Нина, чувствуя, что ее знобит, проронила, сжимая ключи от дома доктора Дорна:
— Но почему вы помогаете мне?
Он, недобро усмехнувшись, ответил:
— Потому что знаю, что вы не убивали!
Спросить, кто же тогда, если не она, Нина не решилась.
Все прошло так, как и предсказал доктор Дорн.
Выйдя из комнаты, он громко объявил, что «преступница» все еще без сознания, а потом ловким манером спровоцировал небольшие дебаты о том, как же поступить.
Нина же, с бьющимся сердцем, направилась в указанном направлении, открыла дверь — и ступила на темную лестницу.
Она раз или два споткнулась, думая о том, что упасть, расквасить нос или даже сломать обе стопы сейчас для нее не вариант.
Однако все обошлось — она оказалась на кухне, оттуда, не тратя времени и не создавая шума, выскользнула через заранее открытую доктором Дорном дверь черного входа и огородами поспешила прочь.
Где-то залаяла собака, раздались голоса, в соседнем доме вспыхнул свет. Нина ни жива ни мертва, налетев на веревку с развешанным на ней бельем, запуталась, отшвырнула чьи-то панталоны и, внезапно ощутив, что ее душит хохот, побежала дальше.

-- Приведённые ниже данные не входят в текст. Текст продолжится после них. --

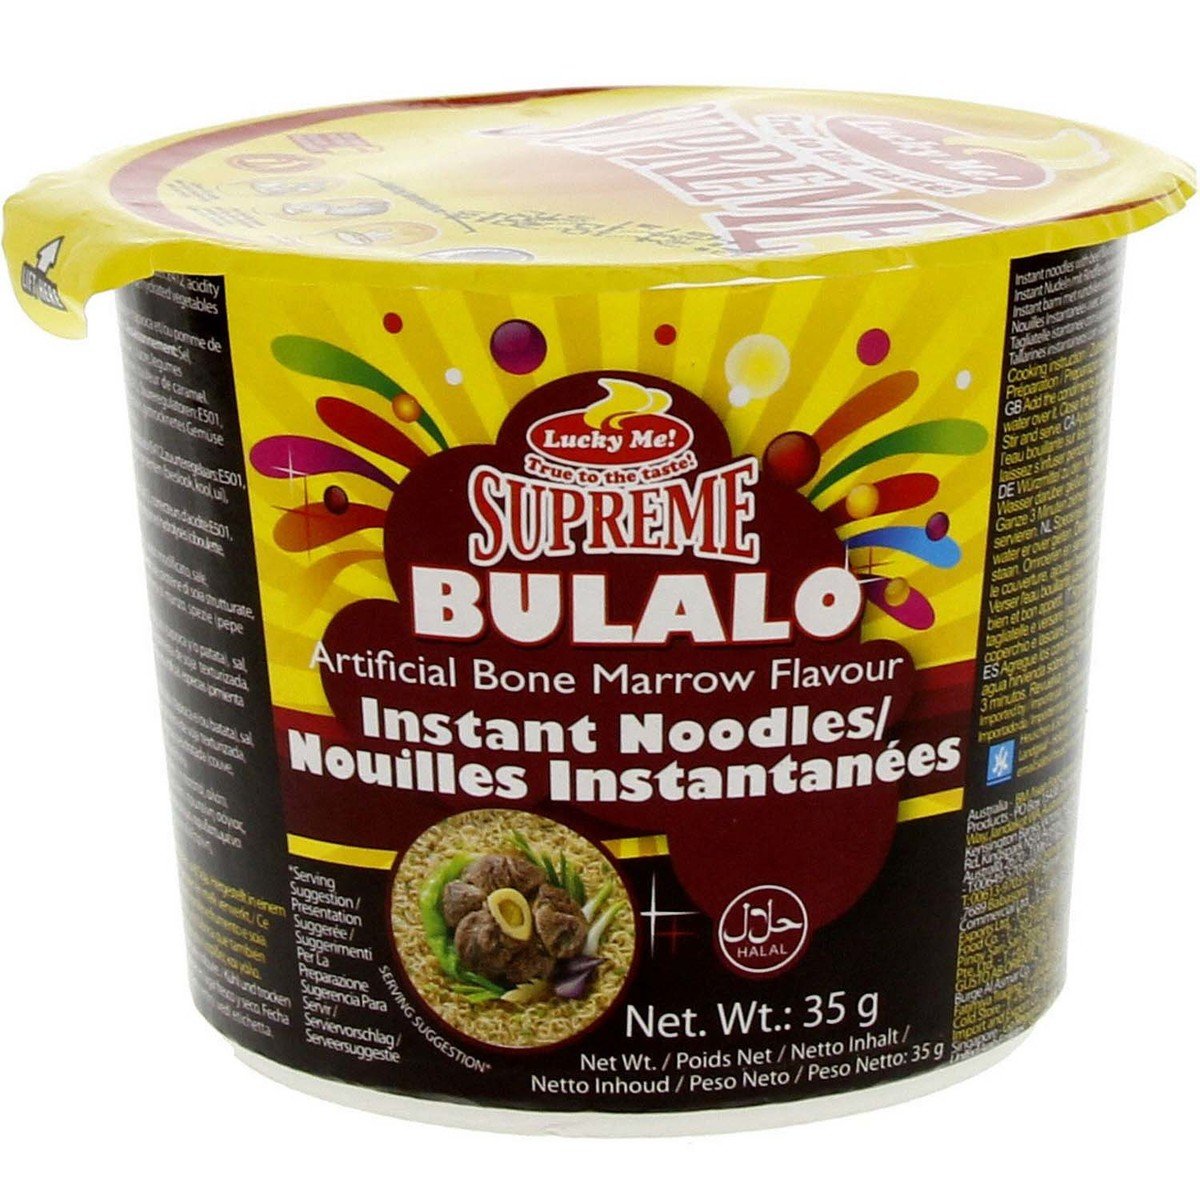 Lucky Me Bulalo Instant Noodles 35 g

Наконец, перебравшись с горем пополам через ветхий заборчик, она оказалась на улице. И попыталась сориентироваться, куда же ей двигаться — все же в Скотопригоньевске, к тому же ночном, она, с учетом недолгого ее там пребывания, ориентировалась плохо.
Поняв, что попала куда-то в незнакомый угол, Нина запаниковала, бросилась в обратном направлении, услышала возбужденные голоса и, завидев фонари, метнулась в подворотню, которую пробежала насквозь, снова налетела на чье-то белье, метнула чье-то исподнее в собачонку, невесть откуда появившуюся и с тявканьем бросившуюся на нее (не ту ли самую, что атаковала ее при исторжении из недр подвала книжной лавки?), повернула направо, повернула налево, поняла, что окончательно заблудилась, расплакалась…
И вдруг оказалась около дома доктора Дорна.
Дрожащими руками Нина вставила ключ, который все время сжимала в руке, в замочную скважину — раздался щелчок, и она быстро вошла в парадную.
Едва она закрыла дверь, как откуда-то сбоку появился свет, послышались крики, кто-то с топотом пробежал.
Нина, делая, как ей было наказано, поднялась наверх, прошла в кабинет доктора Дорна, уселась на кушетку и стала в темноте ждать.
Несмотря на весь стресс, а возможно, и по причине оного, она впала в странное дремотное состояние, которое как рукой сняло, когда она услышала шаги и заметила блики в коридоре.
Волосы у Нины стали дыбом, и она была готова ко всему, даже к появлению в дверях покойного Федора Павловича с раскроенным черепом, в котором застрял турецкий ятаган, однако вместо него там возник зябко потиравший руки доктор Дорн.
— Вы на месте? Отлично! Я уже опасался, что вы потерялись. Ну что же, они вас ищут и будут искать, но не найдут. Хотите есть?
Нина помертвевшими губами старалась что-то вымолвить, но вместо этого у нее из груди вырвался глухой стон, и девушка расплакалась.
Она была крайне признательна доктору Дорну, что тот не стал ее успокаивать, уверяя, что все в порядке, ибо ничего не было в порядке. Медик, только пробормотав что-то наподобие: «Ну, полноте же! Нет ничего целебнее плотного позднего ужина! Ну-ка выпейте залпом», — протянул ей бокал коньяку, дождался, пока девушка в один присест не осушит его, и удалился, оставив Нину одну.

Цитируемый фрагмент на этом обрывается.